Kern Knotts - Background Information

Who better to describe Kern Knotts Crack than O g Jones himself who first climbed it? Extract is from his book Rock-Climbing in the English Lake District.


One fine morning in April I started off for Keswick aggrieved to leave Wastdale and feeling strong after a fortnight’s scrambling. Surely if the Crack could be done at all now would be the time, with weather and fitness corresponding. Our party was small; two men where coming with me to look at Kern Knotts…It was in the preceding winter that Hill had let me down from the top of the Crack for a distance of fifty feet to a small loose platform of rock, and I had with some extreme effort managed to return without tugging the rope. Since that time there had been opportunity to reflect and decide that if I could get up to the platform from below and then help another to the same level, we could jointly manage to ascend the Crack without further aid. If the platform could not hold two, it would be a case of ascending the worst part of the Crack, the splayed out portion some twelve feet high without further assistance.

On reaching the spot things looked cheerful enough. The wall is one side of a buttress about one hundred feet in height, and marvellously smooth to look at. It is cut down from top to bottom by a clean edged slit passing right through the buttress and forming on the other side Kern Knotts Chimney. At a height of thirty feet or so is the little platform, the niche at the back of which looks as though carved out for the reception of a piece of stationary. The portion of the crack that leads up to this first part has a slightly different outlook; it is more open, and is provided with holds of a shaky description.

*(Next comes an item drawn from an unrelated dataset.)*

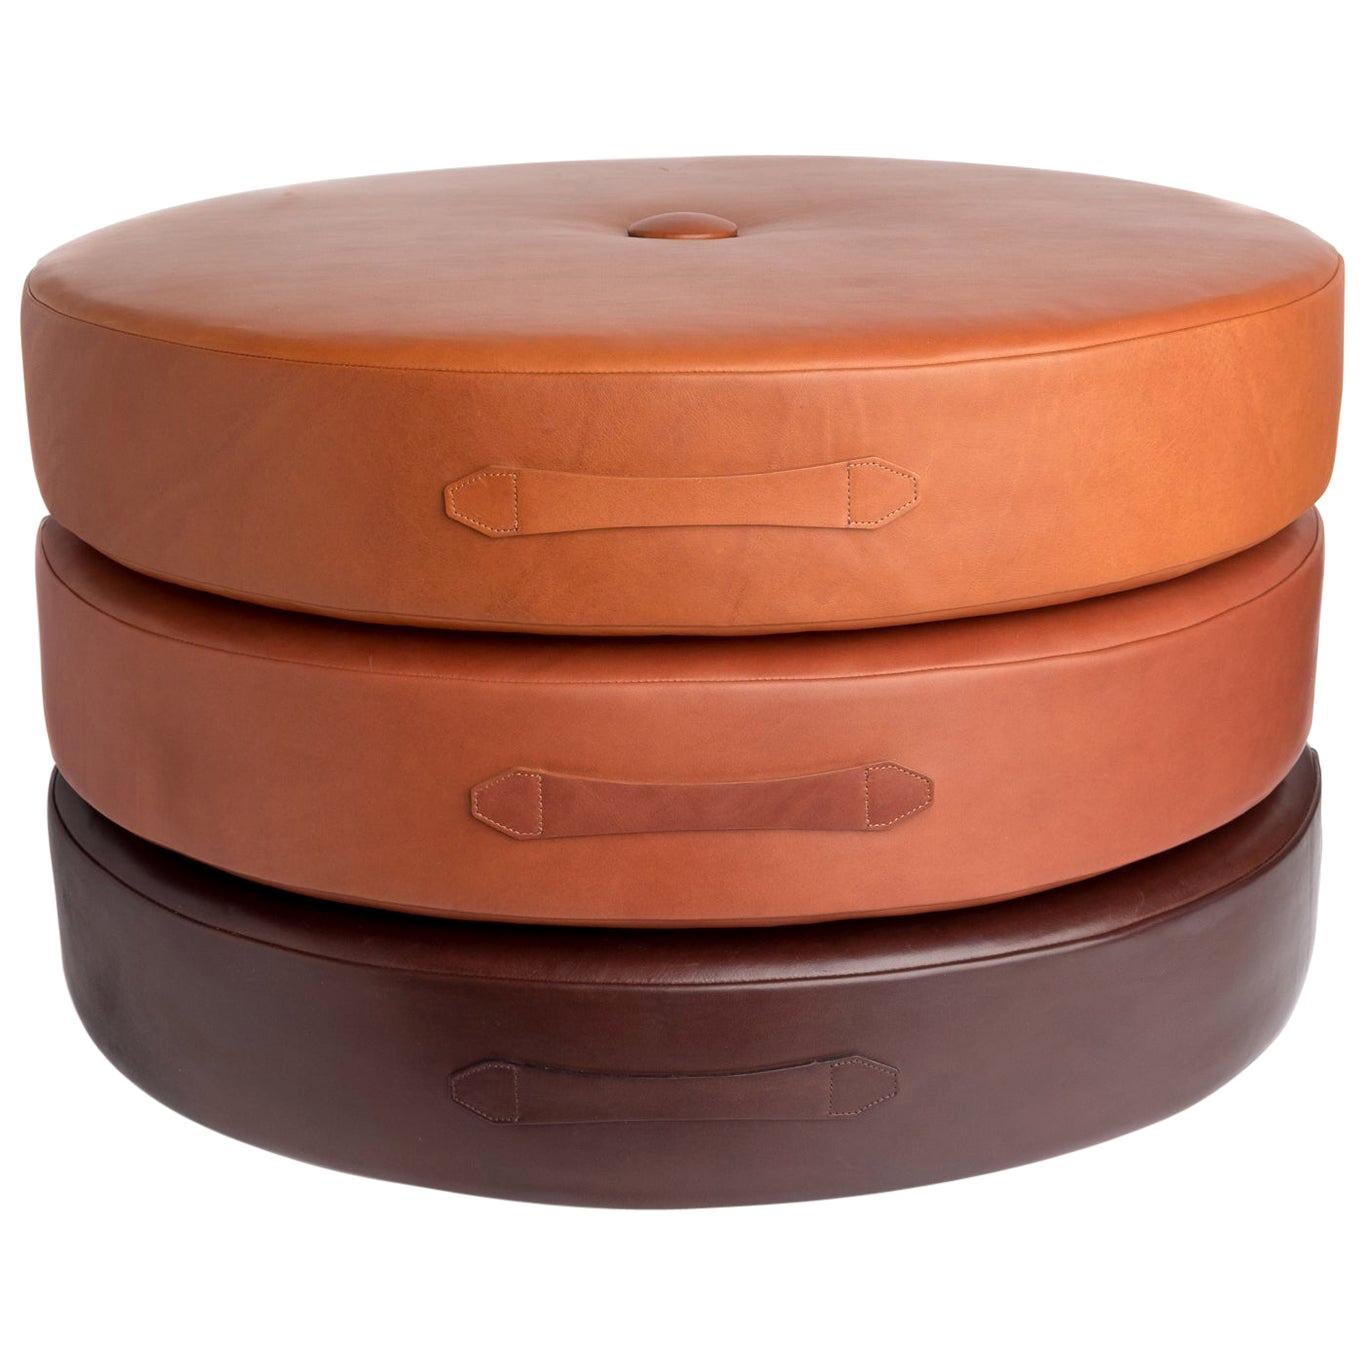 30"Ø Leather Drum Stacking Floor Cushion (Set of 3) by Moses Nadel

Getting a companion to hold himself in this I mounted his shoulders and felt about with the hands. There was nothing at all which seemed firm. So I called for an axe, and, remembering certain tactics in an awful rock climb in Northern Italy some years before, I rammed the axe longitudinally into the crack and endeavoured to use it ass a hold. On this occasion it would not act; the loose stones in the cleft were simply levered out of place, and I had to pass the axe down again. Then ensued a few moments fatiguing suspension from one arm with but poor foothold to ease the strain. It was no go this time, I had to let myself down to rest awhile. Next attempt with a little delicate balancing I reached the top hold with both hands and dragged up to the lower step in the ledge. Thence to the platform was an easy mater and we all began to breathe freely.

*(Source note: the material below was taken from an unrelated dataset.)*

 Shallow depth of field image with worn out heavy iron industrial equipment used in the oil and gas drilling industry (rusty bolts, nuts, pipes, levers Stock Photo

It never occurred to me that I had made no mental note, in my previous ascent of the crack, of the method of getting up the next part and when it came to the test I found it impossible, three times in succession, to get my head above a certain projecting block at the top of the niche. Each time it caught me by the back of the neck and would not release me till in desperate extremity I let myself down again with exhausted arms. After these failures I flung away my coat and tied on to a rope that had been let down from above. With renewed confidence the fourth attempt was successful. When the first twelve feet were passed I found two wedged stones a short distance above my head. These forced my body out of the crack altogether, but they offered respectable holds during the process. Above these the next pitch involved a process of backing up, though the chimney was much too narrow to brace firmly across from side to side. I joined the men at the top after a few more struggles, breathless and exhausted.`

After a rest, we effected an ascent without a rope; a rapid passage of a worst bit left me with reserve strength to climb the rest of the way comfortably. Eighty feet and the descent by the chimney on the other side were then disposed in seven minutes.


The first account of a route being inspected by top rope before being climbed?

Picture of Guy Newbold doing the ascent of Kern Knotts Crack in tweeds, cloth cap and hobnailed boots on the 100th aniversary of the first ascent 1897? and the morning of the Team's first Kern Knotts Auction.